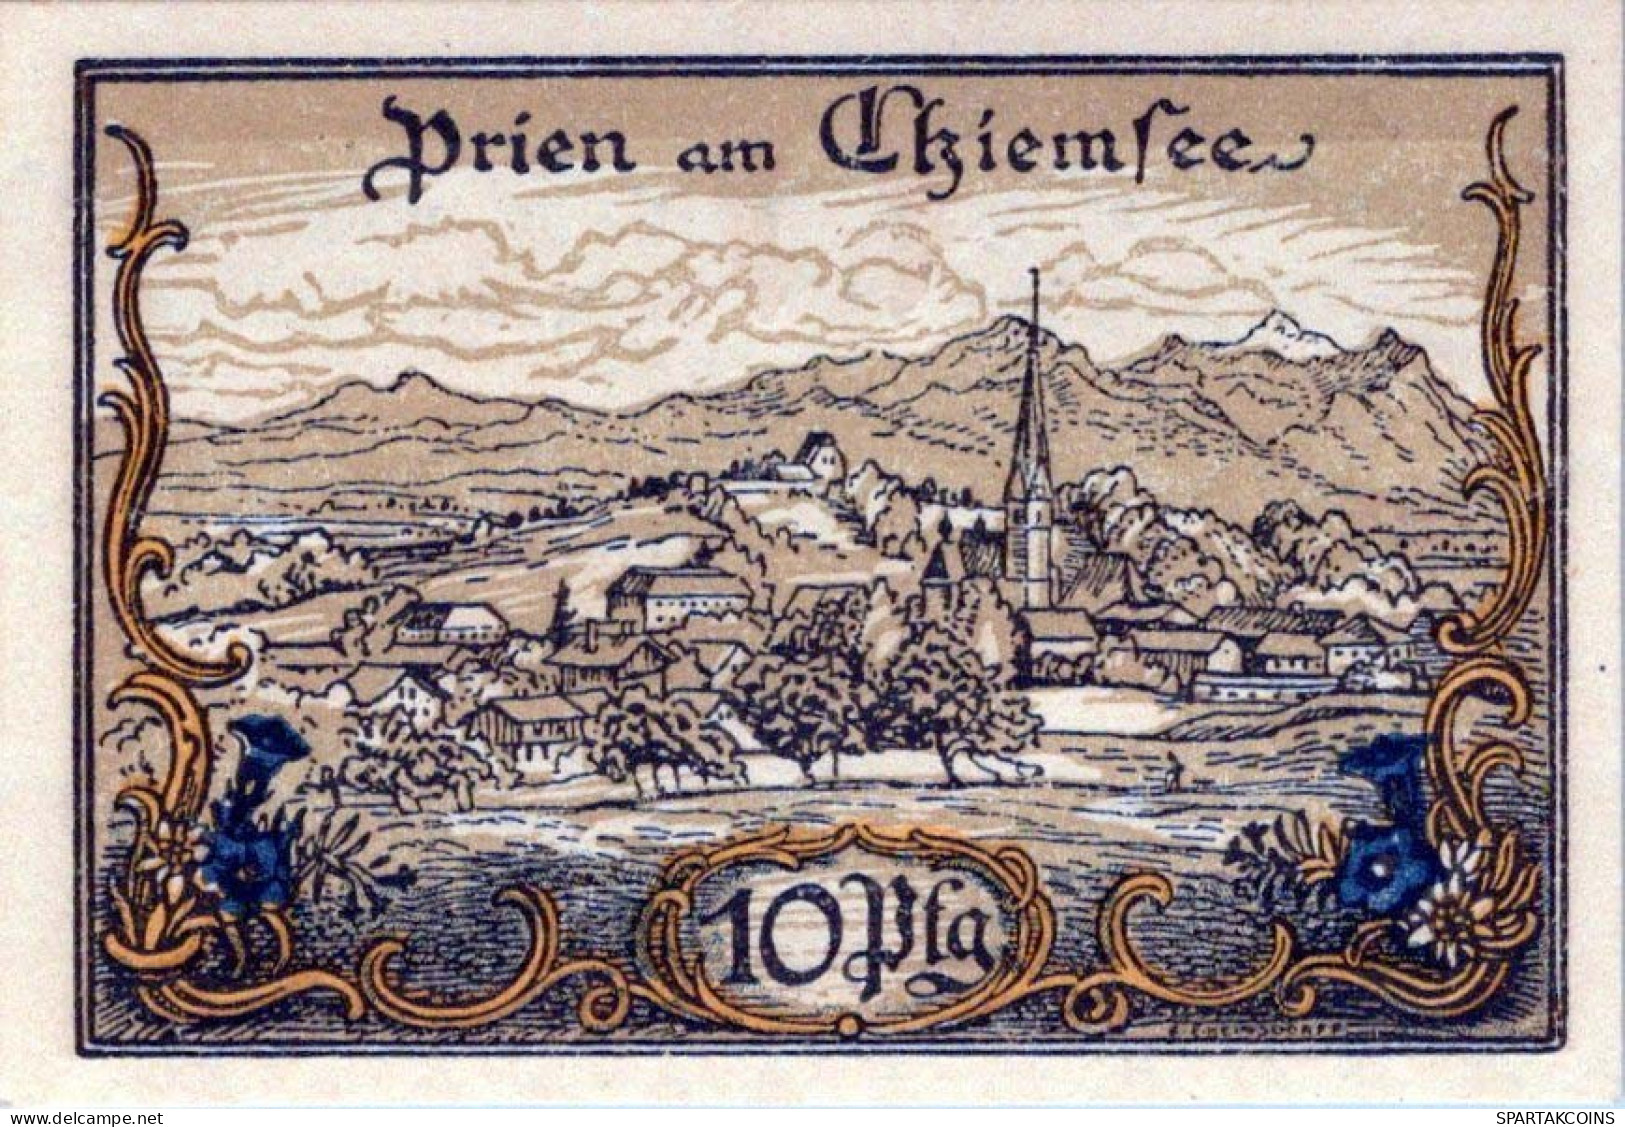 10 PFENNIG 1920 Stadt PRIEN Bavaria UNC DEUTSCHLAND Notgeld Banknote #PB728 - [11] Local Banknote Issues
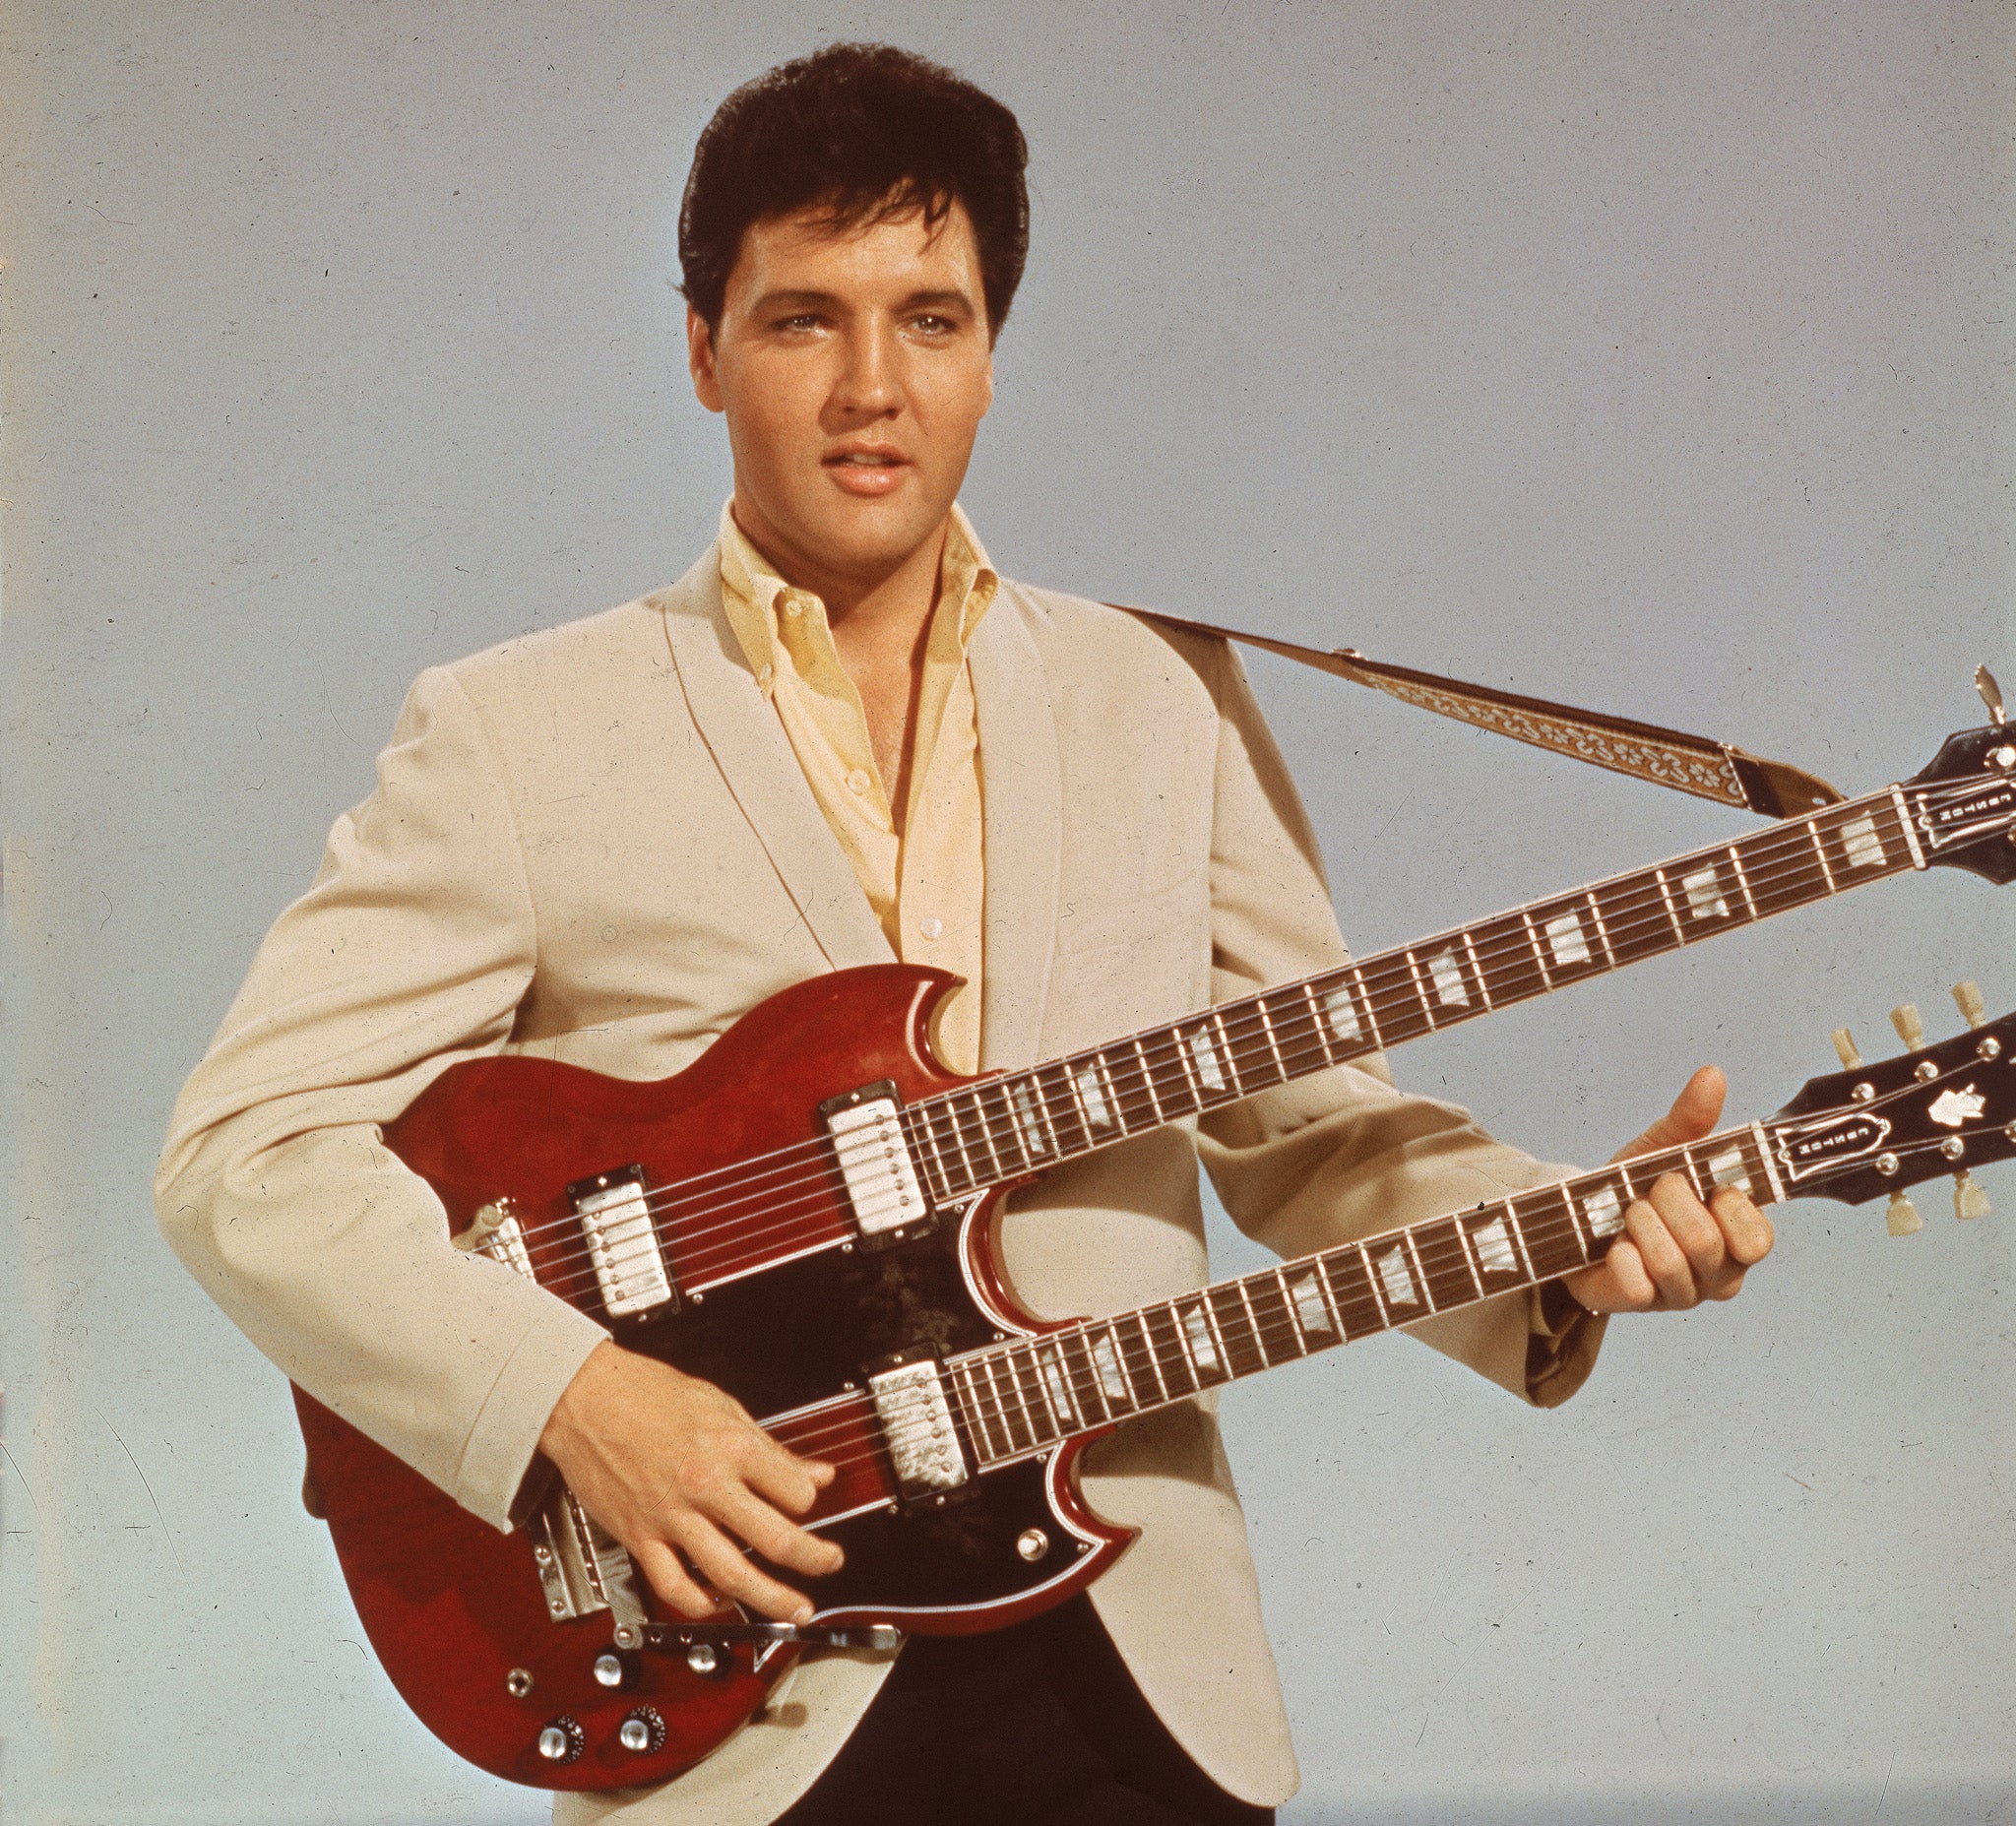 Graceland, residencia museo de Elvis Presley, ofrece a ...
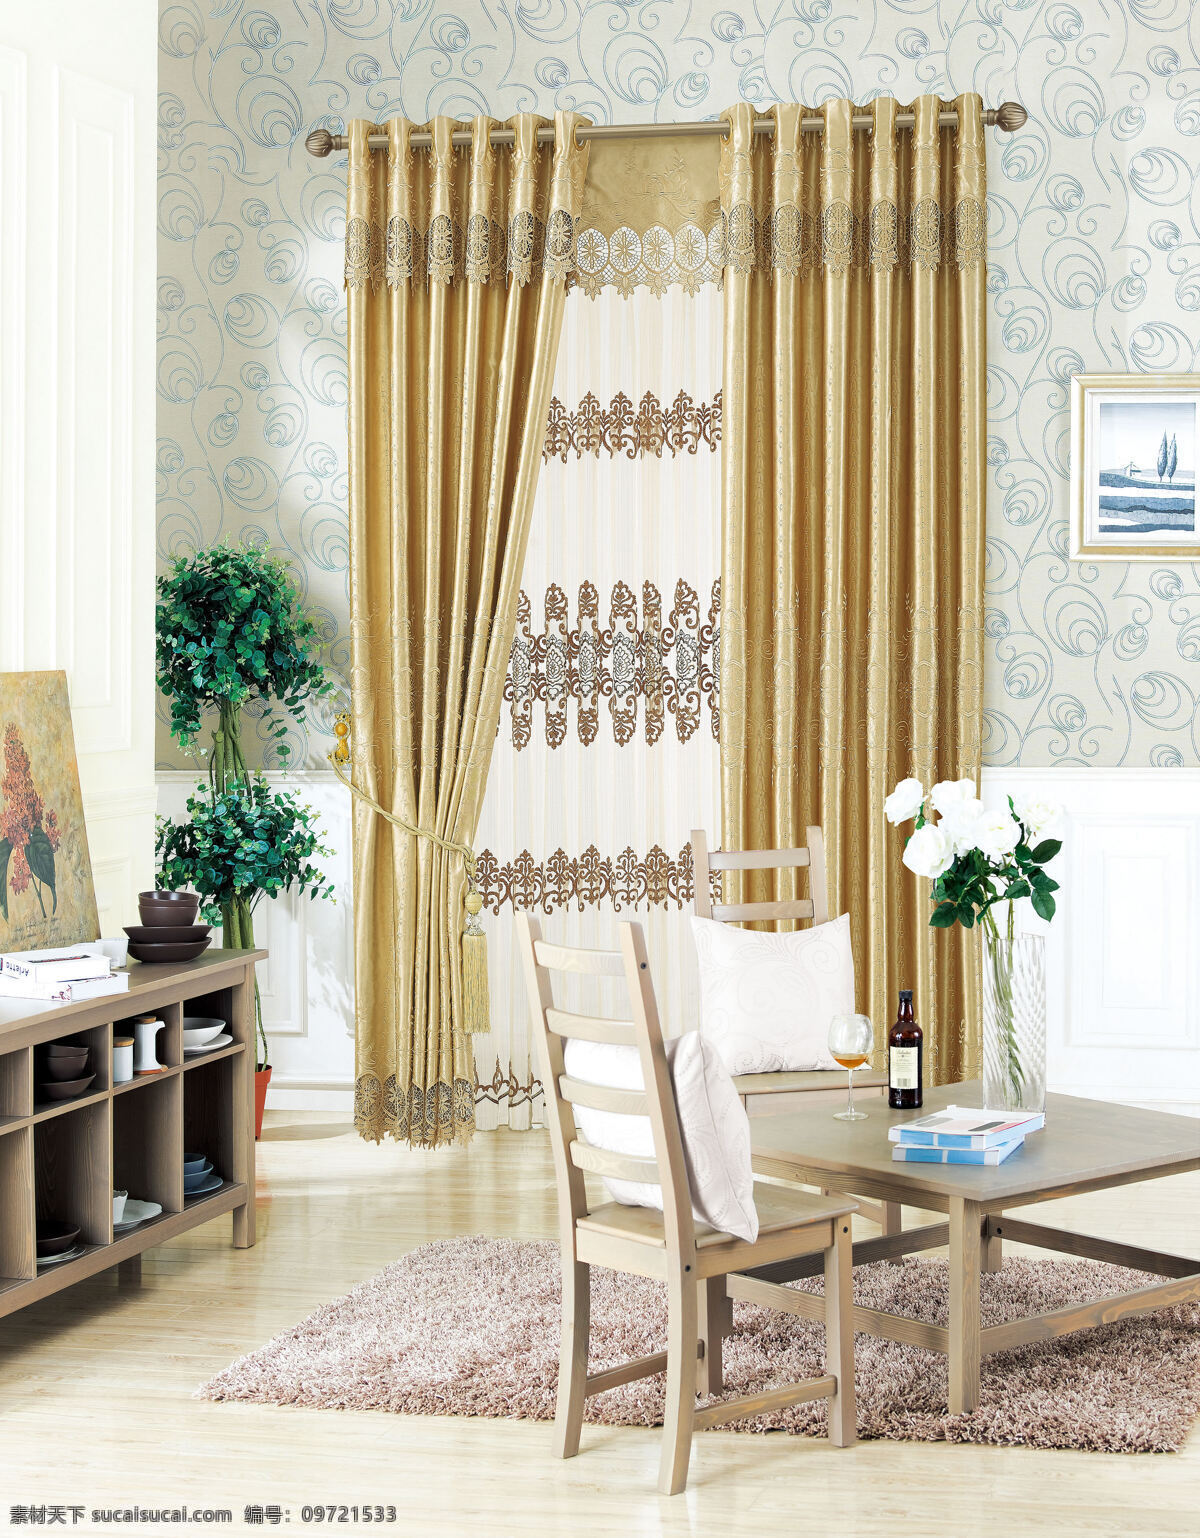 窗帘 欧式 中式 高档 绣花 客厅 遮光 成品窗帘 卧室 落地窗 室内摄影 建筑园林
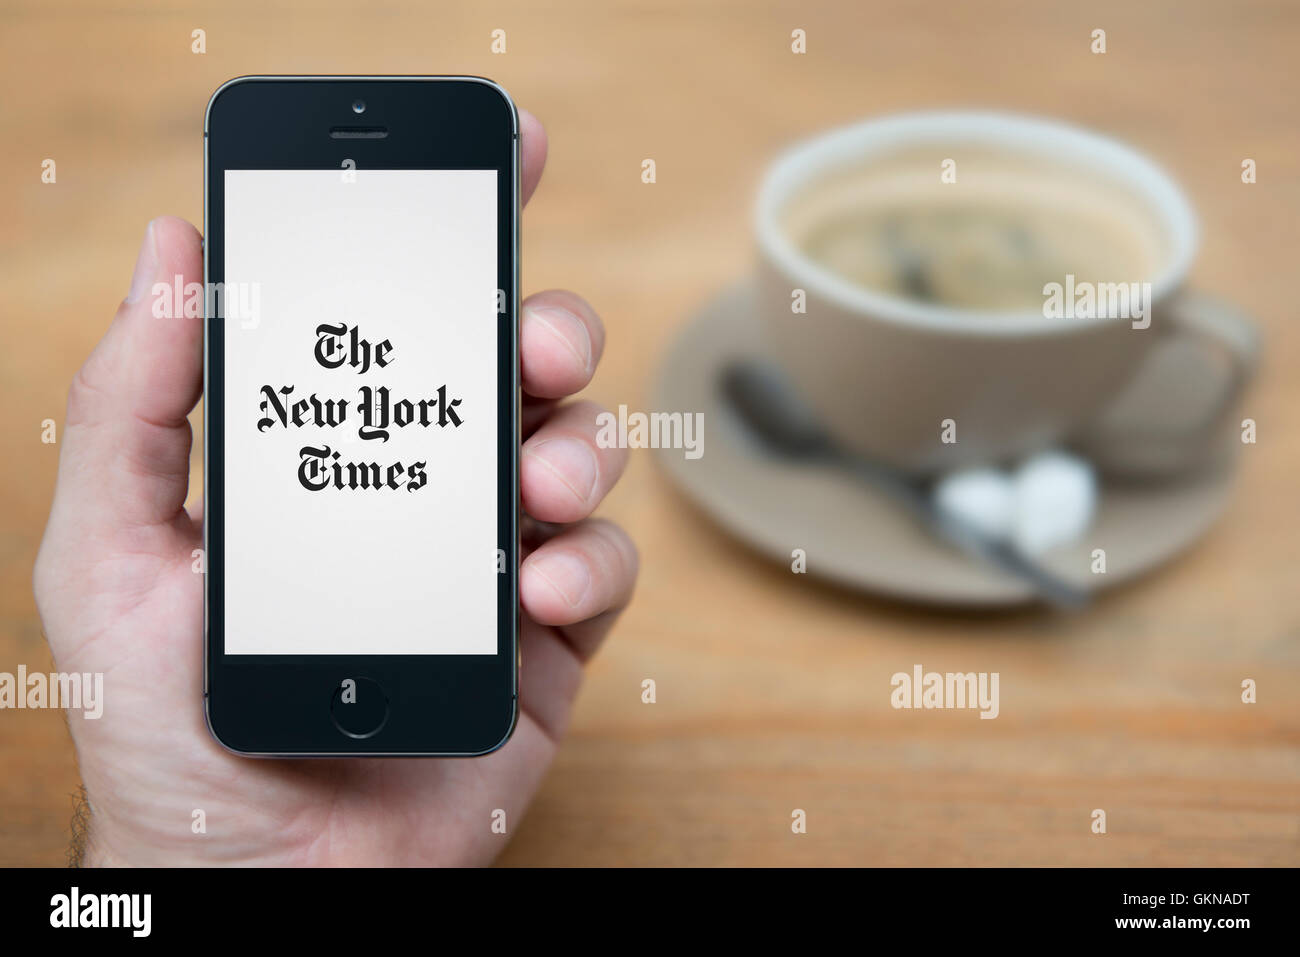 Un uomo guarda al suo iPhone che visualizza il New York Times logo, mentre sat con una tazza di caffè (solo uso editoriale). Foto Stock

◆ ◆ ◆ ◆ ◆ ◆ ◆

__Problem requirements__:
Print the material above word for word, and keep the pictures out of it.

__Solved problem__:
 10 PFENNIG 1920 Stadt PRIEN Bavaria UNC DEUTSCHLAND Notgeld Banknote #PB728 - [11] Local Banknote Issues
 Graceland, residencia museo de Elvis Presley, ofrece a ...
 窗帘 欧式 中式 高档 绣花 客厅 遮光 成品窗帘 卧室 落地窗 室内摄影 建筑园林
 Un uomo guarda al suo iPhone che visualizza il New York Times logo, mentre sat con una tazza di caffè (solo uso editoriale). Foto Stock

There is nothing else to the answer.